▶ _Goal of the exercise_:
Set the listing down again exactly, please, apart from its pictures.

-- Data provided follows --

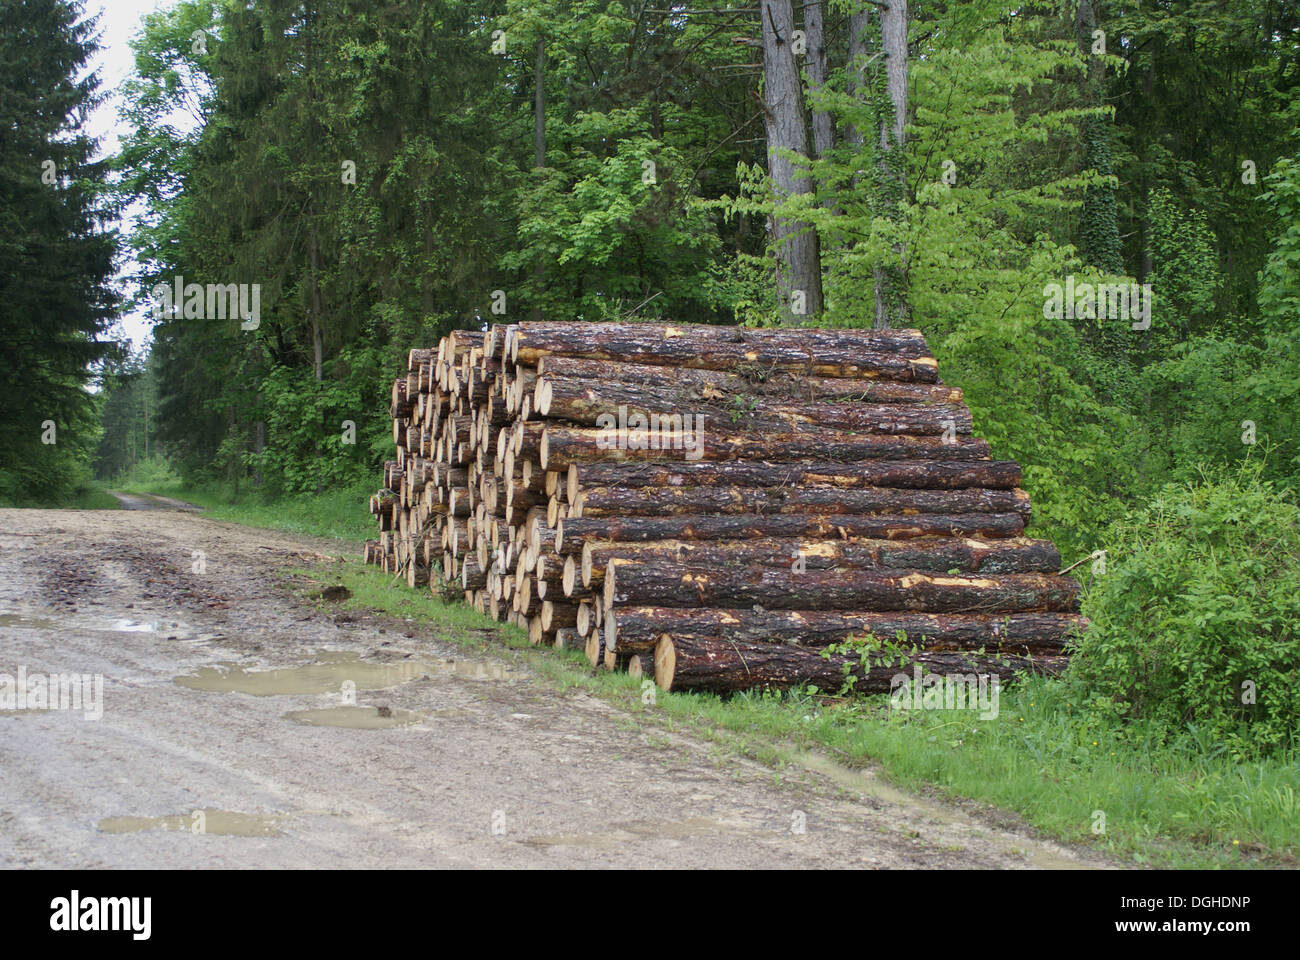 Protokoll-Stapel im Wald Störung der ersten Weltkrieg Schlachtfeld verursacht durch Baum Extraktion Verdun Schlachtfeld Verdun Maas Stockfoto
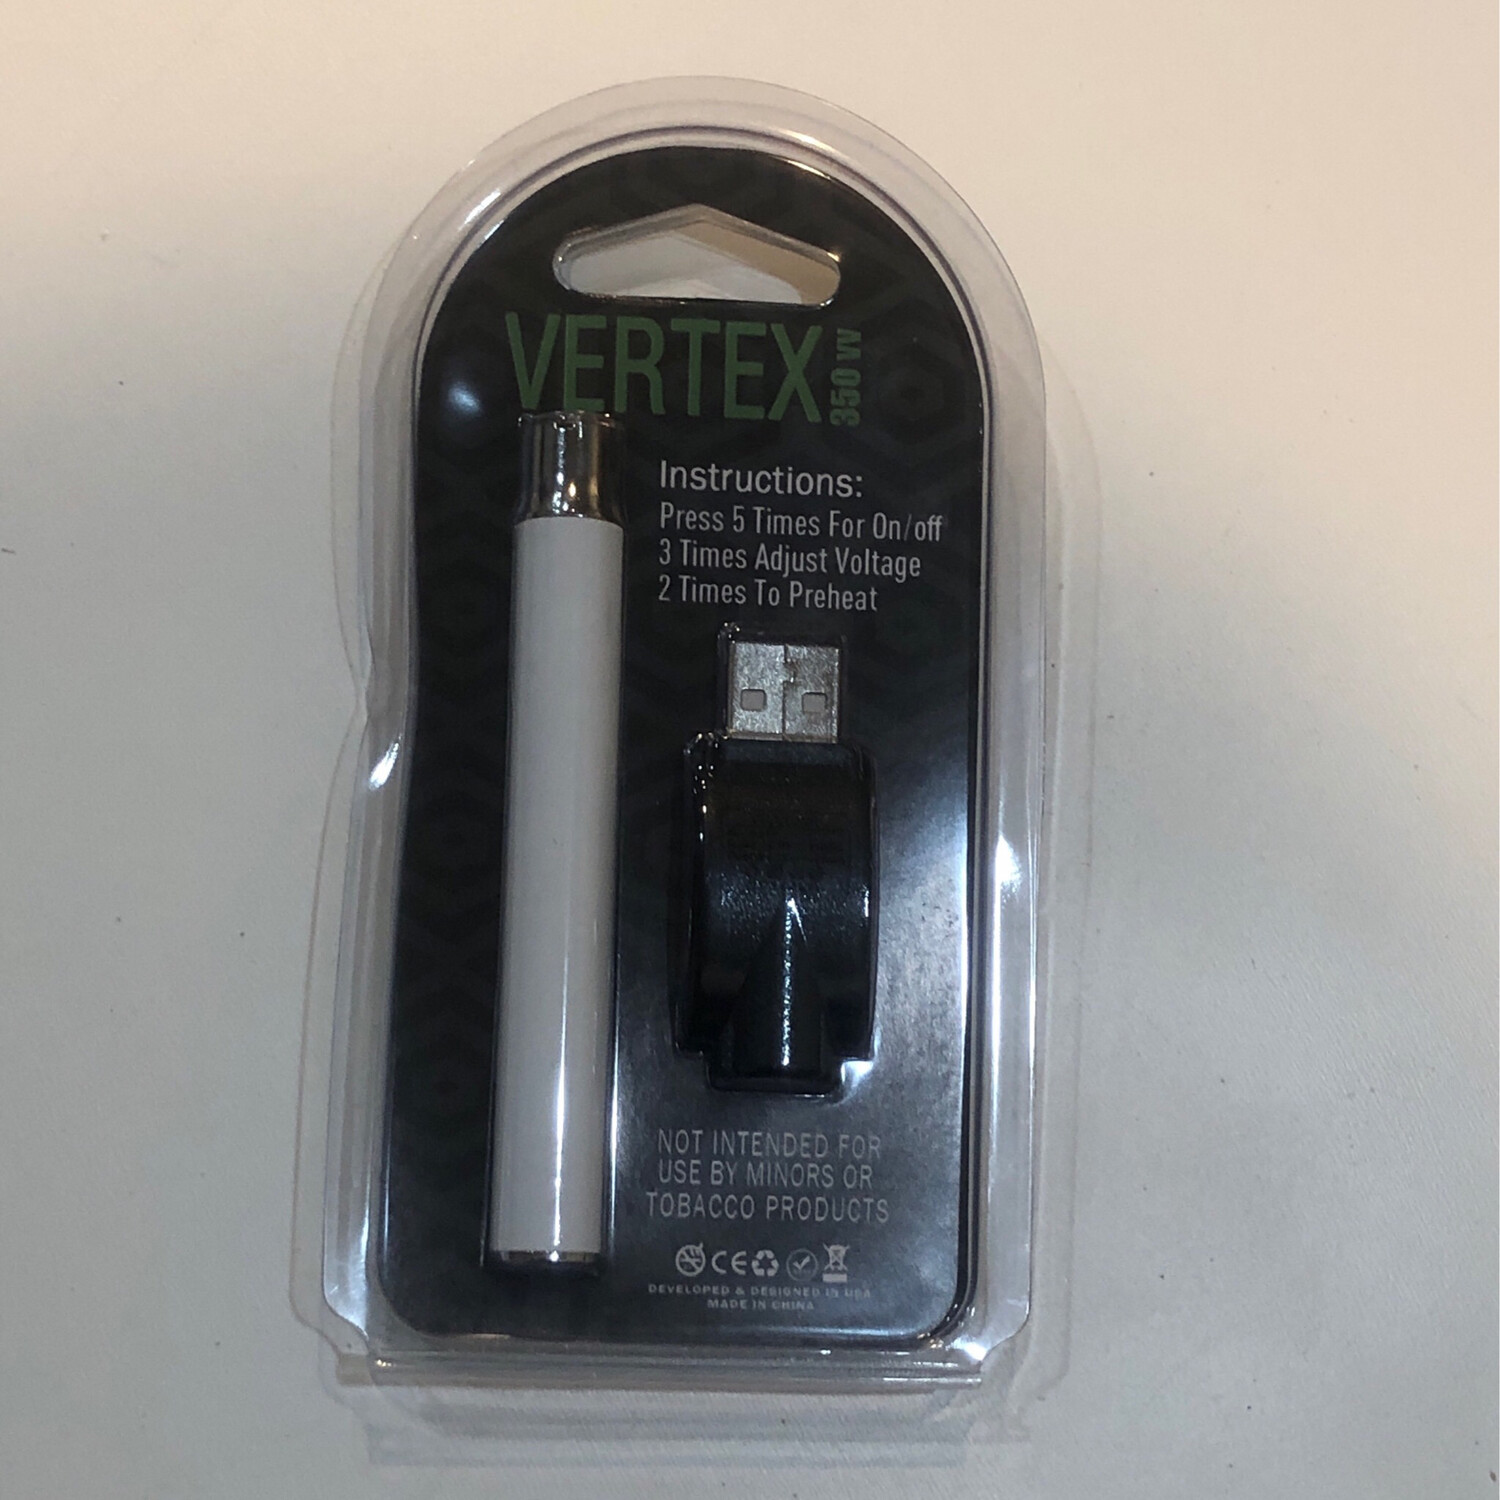 510 Vertex Slim White Battery wz Charger 3level Voltage Preheat Options
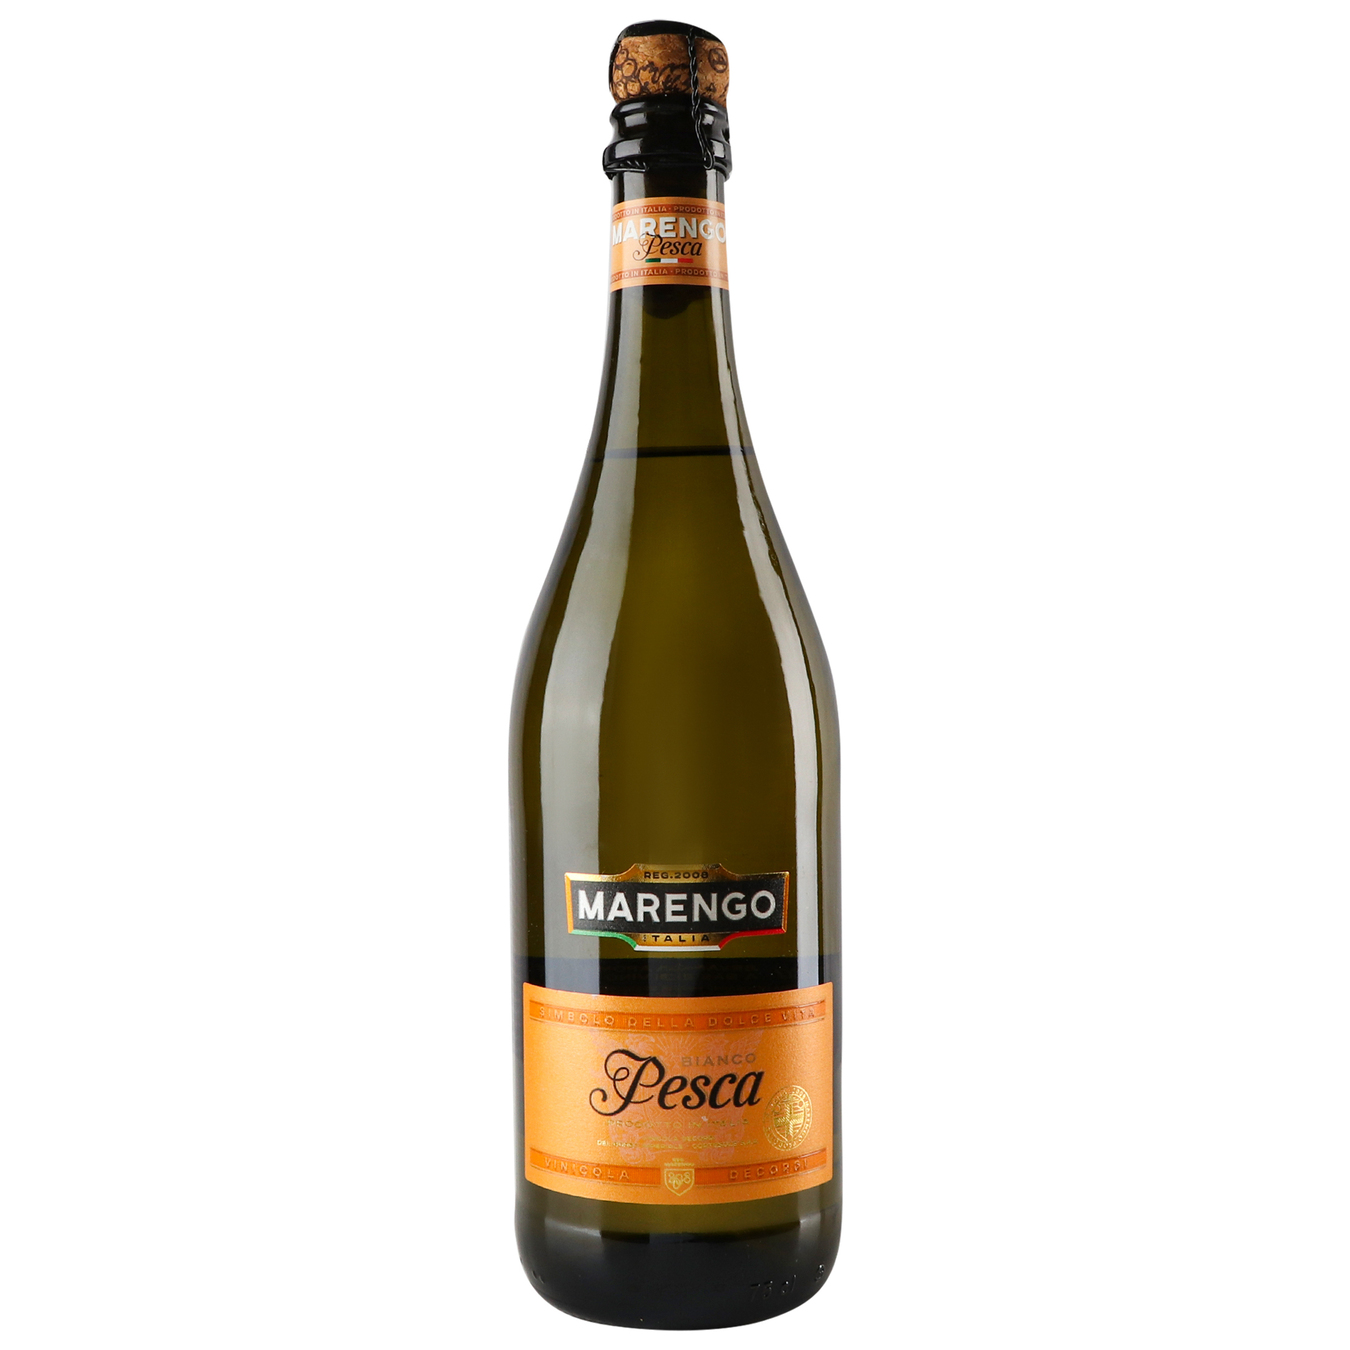 Sparkling wine drink Marengo Fragolino white semi-sweet 7.5% 0.75l

-- Data provided concluded --

▶ _Solution to the exercise_:
 Protokoll-Stapel im Wald Störung der ersten Weltkrieg Schlachtfeld verursacht durch Baum Extraktion Verdun Schlachtfeld Verdun Maas Stockfoto
 510 Vertex Slim White Battery wz Charger 3level Voltage Preheat Options
 Sparkling wine drink Marengo Fragolino white semi-sweet 7.5% 0.75l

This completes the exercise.